棄てられた元日本兵士たち
ー補償金を要求して裁判ー
台湾が日本の領土であった間、「台湾人」は日本国の臣民であった。特に、統治最後の8年間は「皇民化運動」が推し進められ、天皇の赤子〔せきし〕として国家への忠誠を求められた。そのなかには、むろん戦争への協力も含まれる。
しかし、昭和27年(1952年)に発効した日華平和条約により、台湾の人びとは日本国籍を喪失する。

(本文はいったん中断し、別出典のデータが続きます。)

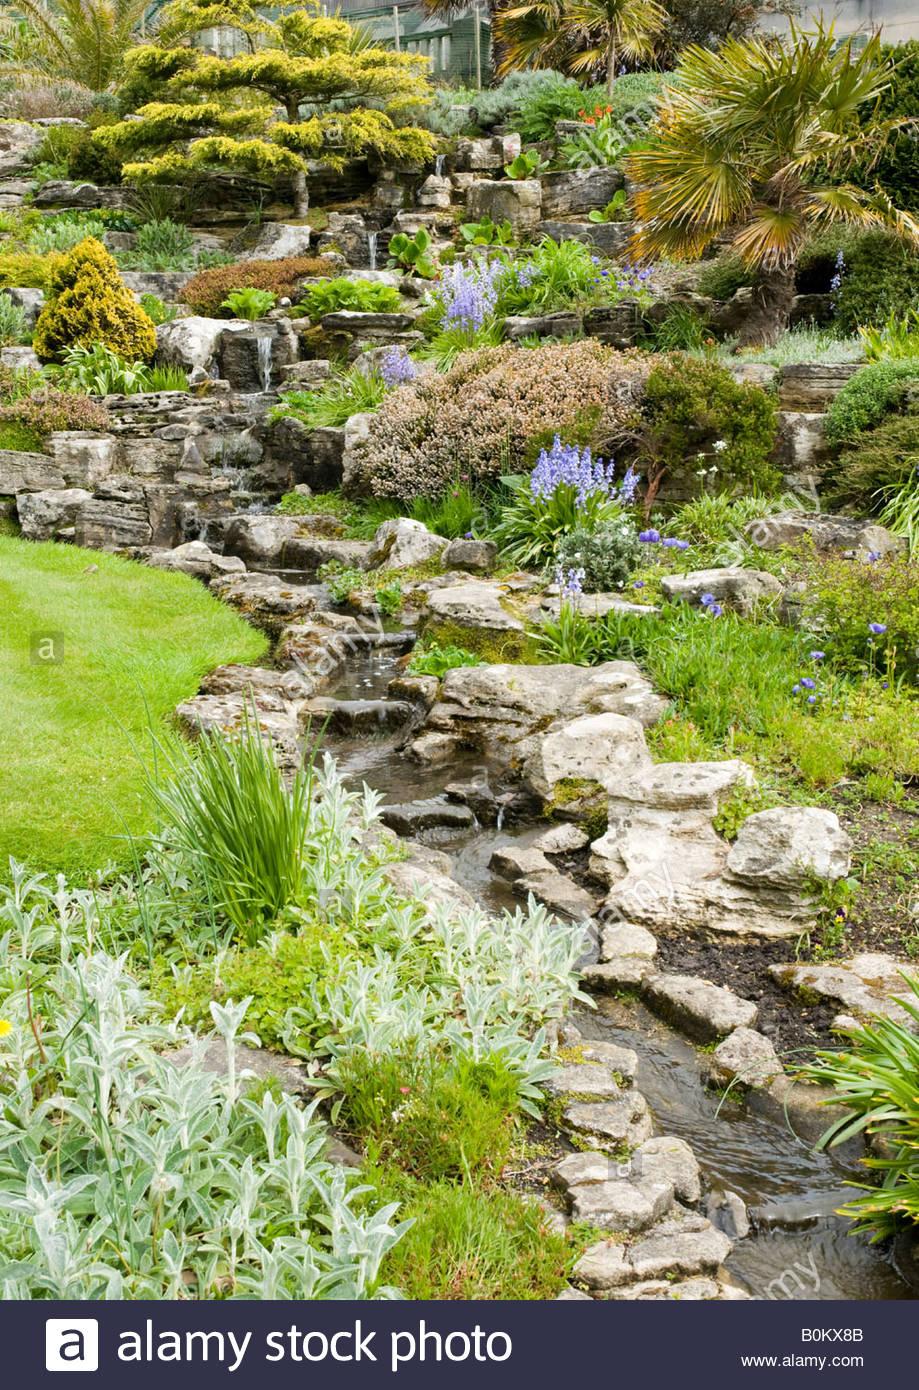 Rock Garden And Waterfall In Bournemouth Gardens Dorset

それを理由に、日本政府は台湾人を戦争被害の補償対象から除外し、元軍人・軍属やその遺族に対して障害年金、遺族年金、恩給、弔慰金、また戦争中の未払い給与、軍事郵便貯金等の支払いを一切行わなかったのである。
裁判の過程
昭和49年(1974年)12月、高砂族(主に山地に住む台湾の先住民)出身の中村輝夫(李光輝)元陸軍一等兵がインドネシアのモロタイ島で発見されたのを契機として、台湾人元日本兵への補償を求める運動が日本と台湾で具現化。
しかし日本政府に動きがなかったため、戦後32年目にして上述の提訴となった。
昭和52年(1977年)8月、「台湾人元日本兵」の鄧盛氏ら戦傷者と戦死者の遺族13名が、日本国を相手どり一人500万円の補償金を要求して裁判を起こした。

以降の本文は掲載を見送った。